The tallest steel structure ever tested on a seismic simulator slowly swayed, rocked, and twisted during the experiment. This 10-story, approximately 30-meter-high building is being subjected to real earthquake scenarios, including the 1989 magnitude 6.9 Loma Prieta earthquake. The test is part of research to determine whether height restrictions for cold-formed steel (CFS) buildings can be increased.

The testing is taking place on the seismic simulator (shake table) at the University of California San Diego, funded by the U.S. National Science Foundation. It is one of the three largest shake tables in the world and the only one located outdoors—an essential feature for testing buildings that exceed height limits. In fact, it is the only facility globally capable of testing structures taller than approximately 27m. Two years ago, researchers used this table to shake a ~35-meter-tall mass-timber building—the tallest structure ever tested on a seismic simulator at that time.
This year's focus is on cold-formed steel (CFS) construction. CFS is a lightweight, sustainable, and non-combustible material, with 60–70% recycled metal content. Current building codes limit such structures to about 19m (six stories), but researchers are investigating whether this can be raised to 10 stories (~30m), even in seismically active regions. Current test results indicate it is feasible.
Project leader Tara Hutchinson, professor in the Department of Structural Engineering at UC San Diego, said: "The building performed exceptionally well. Despite undergoing 18 earthquakes of progressively increasing intensity—including three that exceeded the levels considered by design engineers—the load-bearing structural system remained intact." However, some damage to non-structural components was expected. The stairwells were designed to move with the building and remain usable.

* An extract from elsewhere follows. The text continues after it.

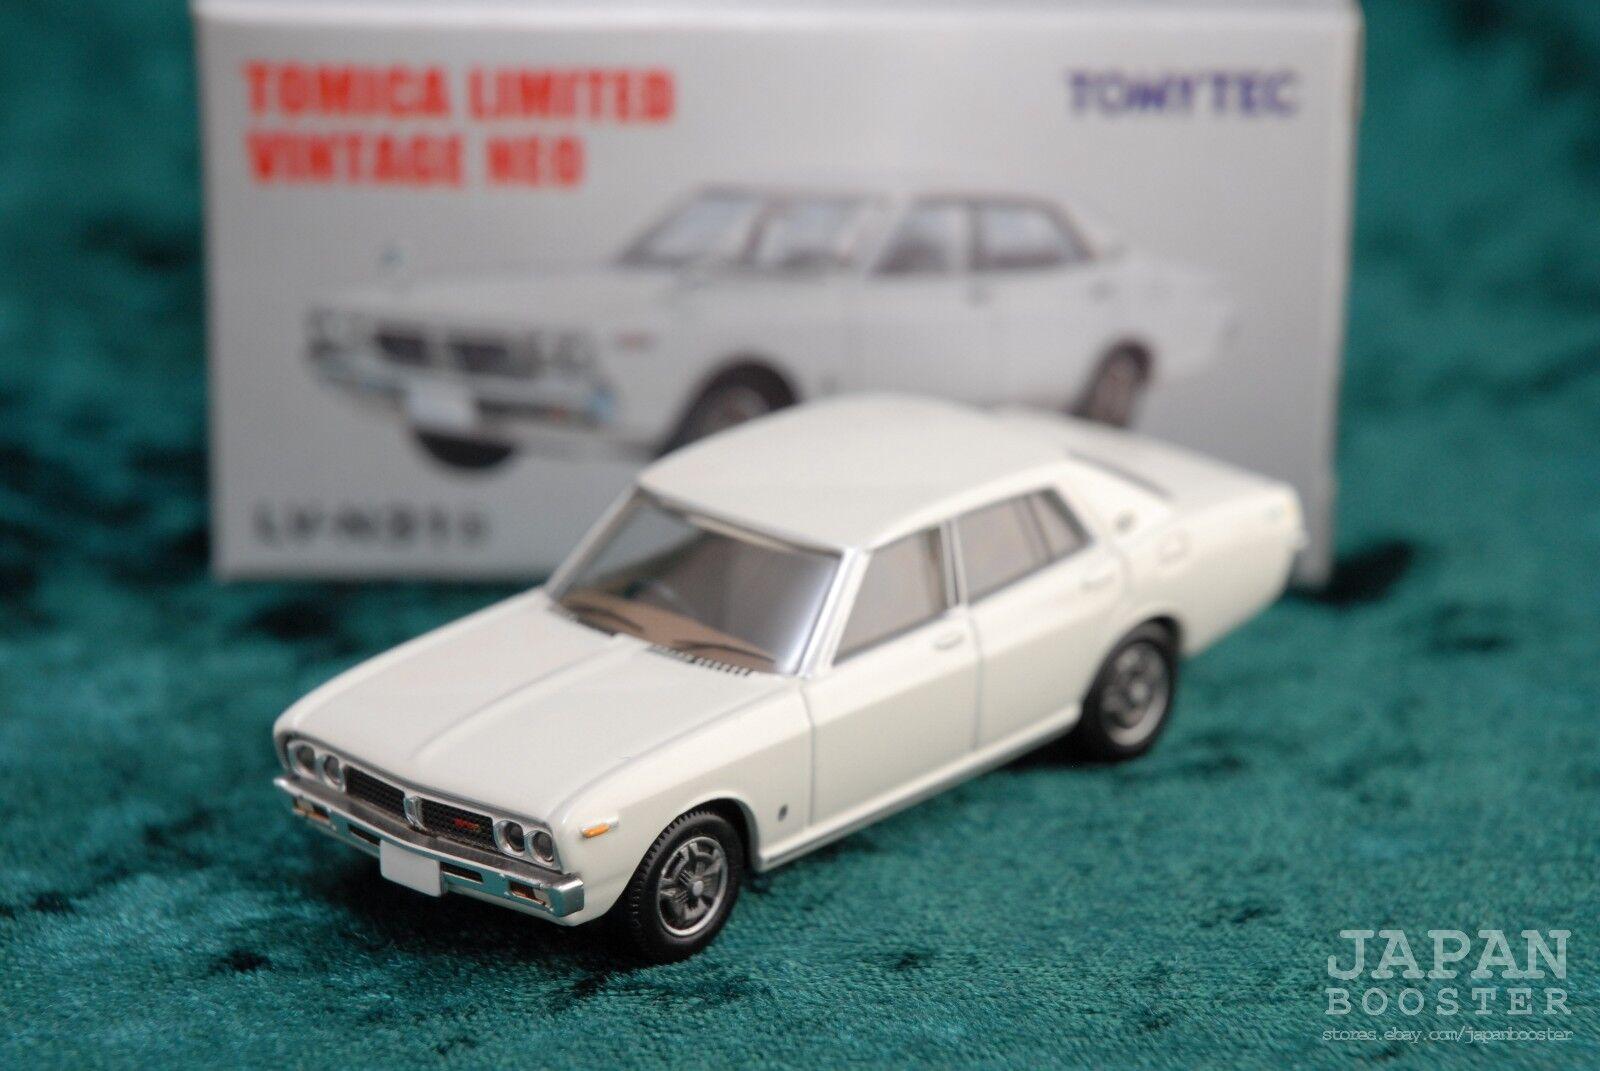 Tomica Limited Vintage Neo Lv N31b 1 64 Nissan Laurel 2000 Gx 6 White

Hutchinson also noted that nearly 1,000 sensors were installed throughout the building to measure responses in acceleration, displacement, and local strain. The resulting data will help refine building codes and support the construction of taller, lighter, and more resilient structures using this high-quality material. Because CFS is lightweight, it can be prefabricated into modular units and assembled like giant Lego blocks, significantly reducing construction time compared to building a frame from scratch. Hutchinson believes CFS offers numerous advantages that will benefit community resilience in the future.
These tests also highlight the importance of the major upgrade to the NSF-funded shake table. The $17 million upgrade, completed in April 2022, enables six-degree-of-freedom motion—the table previously moved only east-west but can now also move up-down, north-south, and perform roll, pitch, and yaw. In this test series, the team used the same earthquake records but tested the building in one-, two-, and three-dimensional motion by selectively disabling degrees of freedom.
Joel Conte, professor of structural engineering at UC San Diego and one of the shake table's principal investigators, explained that historical earthquake records show the ground does not shake in just one direction—it moves back and forth, up and down, side to side, and even twists. The upgrade allows simulation of "near real-world" earthquake conditions. During the June 23 test, researchers observed a certain degree of torsional motion in the building—something that would not have occurred when the table could only move in one direction. Ben Schafer, professor of engineering at Johns Hopkins University and co-principal investigator of the CFS10 project, said the observed motion demonstrates the critical importance of the table upgrade for scientific research.
The test series is not yet complete. In addition to carefully examining the building's physical condition after the earthquake tests, the team is preparing for the final phase of live-fire testing later this month. These fire tests, led by Professor Richard Emberley from California Polytechnic State University, San Luis Obispo, aim to understand how temperature, smoke, and particulates spread in earthquake-damaged areas of the building—i.e., "post-earthquake fire" scenarios that can be triggered by gas leaks or other hazards. Hutchinson noted that, unlike wood and other materials, light-gauge steel framing is non-combustible—an important advantage when fire is a concern.